Published 4 May 2026 in eess.IV | (2605.02325v1)

Abstract: Generative receivers for wireless image transmission can improve reconstruction quality, but diffusion-based and flow-based decoding relies on iterative inference and therefore incurs substantial latency. In wireless image transmission, however, the received signal already preserves the coarse structure of the source image. Wireless decoding is therefore better viewed as a recovery task than as image generation from scratch, and the main challenge lies in restoring channel-impaired details. Motivated by this recovery-oriented perspective, this paper proposes DriftDecode, a signal-to-noise ratio (SNR)-conditioned one-step decoder for wireless image reconstruction. DriftDecode couples a one-step U-Net decoder with a drift-inspired instance-level texture loss. The loss reformulates the drifting-field mechanism from generative drifting models in perceptual feature space, guiding each reconstructed local feature toward its spatially aligned ground-truth counterpart while suppressing mismatched textures.
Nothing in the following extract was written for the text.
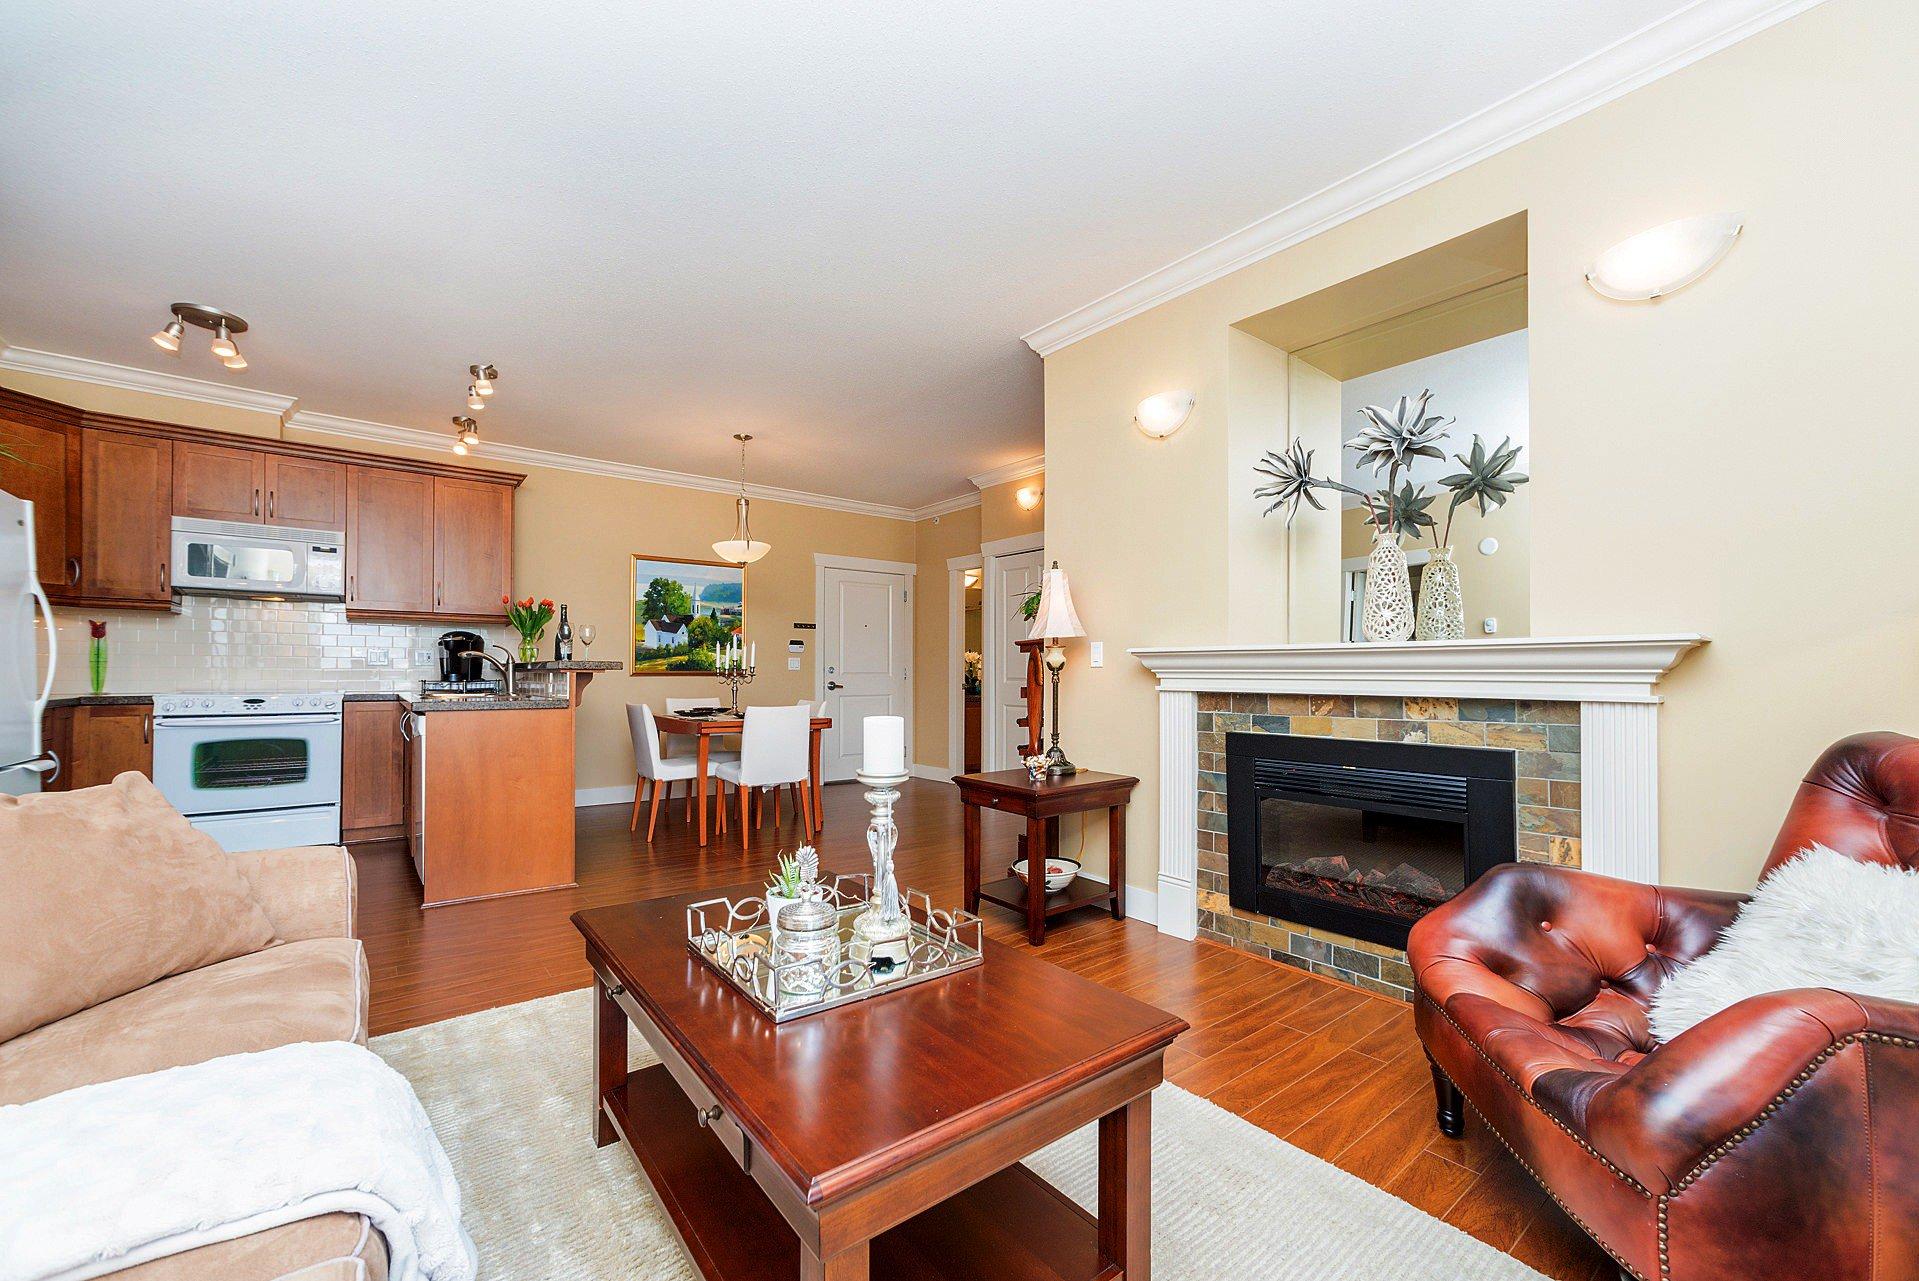 """Photo 11: Photos: 408 15368 17A Avenue in Surrey: King George Corridor Condo for sale in """"OCEAN WYNDE"""" (South Surrey White Rock)  : MLS®# R2249492"""

Experiments on DIV2K and MNIST under additive white Gaussian noise (AWGN) and Rayleigh fading channels show a favorable quality-latency tradeoff. DriftDecode achieves 30~ms decoding latency, providing a 4.8$\times$ speedup over a 10-step flow-matching decoder, while consistently outperforming MSE-only training and yielding up to 1.13~dB PSNR gain on MNIST under Rayleigh fading. These results support recovery-oriented one-step decoding as an effective alternative to iterative generative decoding for low-latency wireless image transmission.